Kubernetes

Pronounced: kub-er-nate-es

Kubernetes is an orchestrator for microservice apps using Docker containers.

Kubernetes was created by Google, written by Go/Golang, and is one of the biggest open source infrastructure project. Google was running off containers far before Docker. To manage these, Google created in-house systems called Borg and Omega (proprietary), as the container management system. In Greek – kubernates means helmsmen, or person who steers the ship. Kubernetes is also known as k8s. K8s has been around on github since 2014.

 

Architecture

Kubernetes coordinates a highly available cluster of computers that are connected to work as a single unit. The abstractions in Kubernetes allow you to deploy containerized applications to a cluster without tying them specifically to individual machines. A Kubernetes cluster consists of two types of resources:

  • The Master coordinates the cluster
  • Nodes are the workers that run applications

A cluster has masters (one or many) and nodes (one or many). The masters are in charge and determine which nodes do the work. The nodes do the actual work. The cluster is deployed as a Kubernetes Deployment, defined in a yaml file. When an application is deployed as a Kubernetes Deployment, the Master determines which Nodes to use for this application.

Once you have a running Kubernetes cluster, you can deploy your containerized applications on top of it. To do so, you create a Kubernetes Deployment configuration. The Deployment instructs Kubernetes how to create and update instances of your application. Once you’ve created a Deployment, the Kubernetes master schedules mentioned application instances onto individual Nodes in the cluster.

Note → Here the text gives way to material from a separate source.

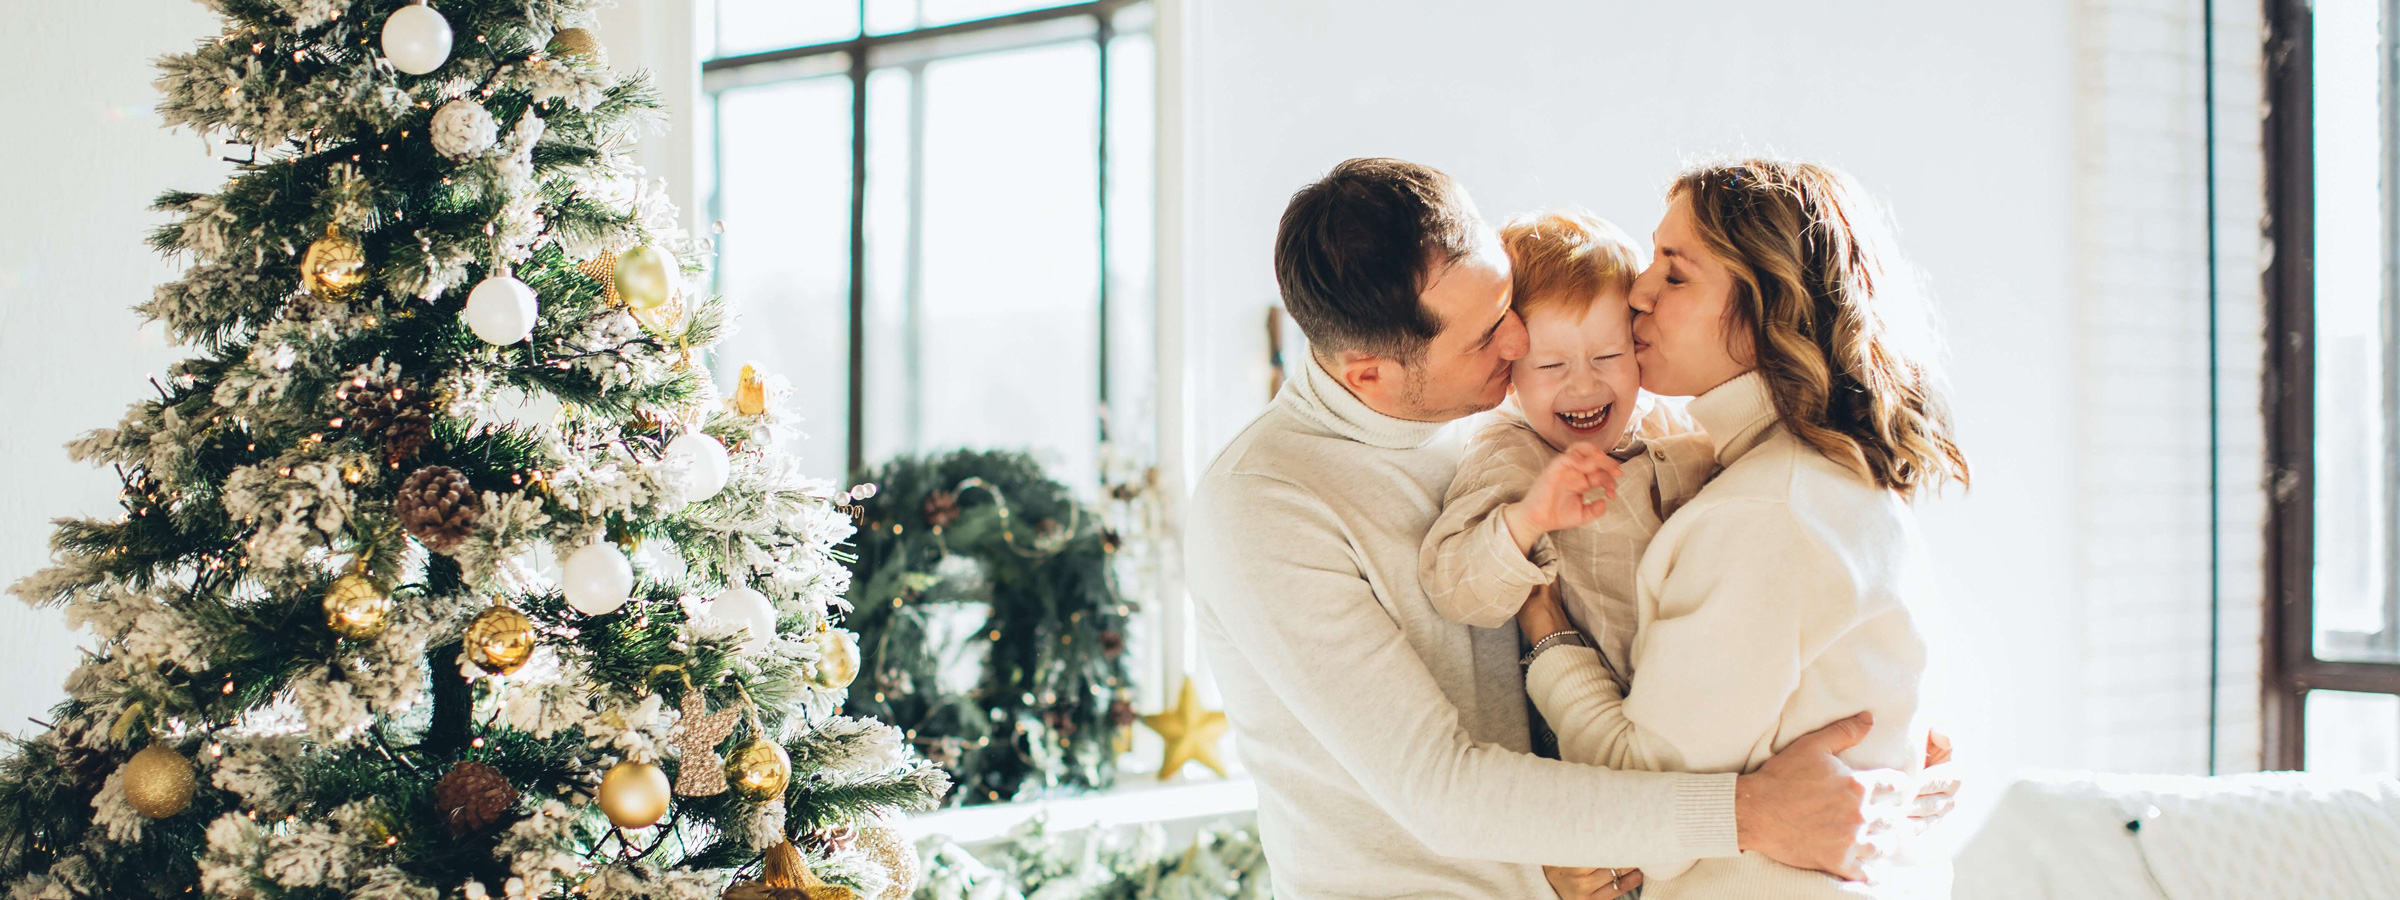 Family Christmas mini session - 6 tips to plan successful mini sessions

  • Kubelet = main kubernetes age
  • Container Enginer = Docker
  • kube-proxy = kubernetes networking

K8 works as a declarative state. The Kubernetes deployment file is more of a high-level manifest file. It simply declares what is desired and not how the implementation is to be done. Kubernetes figures out the details on how to meet that desired state. For example, assuming the desired state is 3 pods and these are running on 3 nodes, if one of those nodes were to go down, then K8 would automatically spin up a new pod on one of the remaining nodes.

Master

In a simple example, a master would run on a single server. It usually runs on top of Linux. A master is composed of the following parts:

  • Kube-apiserver – is the front-end REST API to the master controls. By default this is exposed on port 443. It handles commands (taken as JSON) and also authentication.
    • Manages pods
    • Scales pods – replication controller
    • Does deployements
    • Manages services
  • Cluster store – a persistent storage that keeps track of state and config. It uses the etcd.
  • Controller manager – a controller that manages other controllers.
  • Scheduler – watches apiserver for new pods and assigns work to the nodes.

Nodes

A Pod always runs on a Node. A Node is a worker machine in Kubernetes and may be either a virtual or a physical machine, depending on the cluster. Each Node is managed by the Master. A Node can have multiple pods, and the Kubernetes master automatically handles scheduling the pods across the Nodes in the cluster. The Master’s automatic scheduling takes into account the available resources on each Node.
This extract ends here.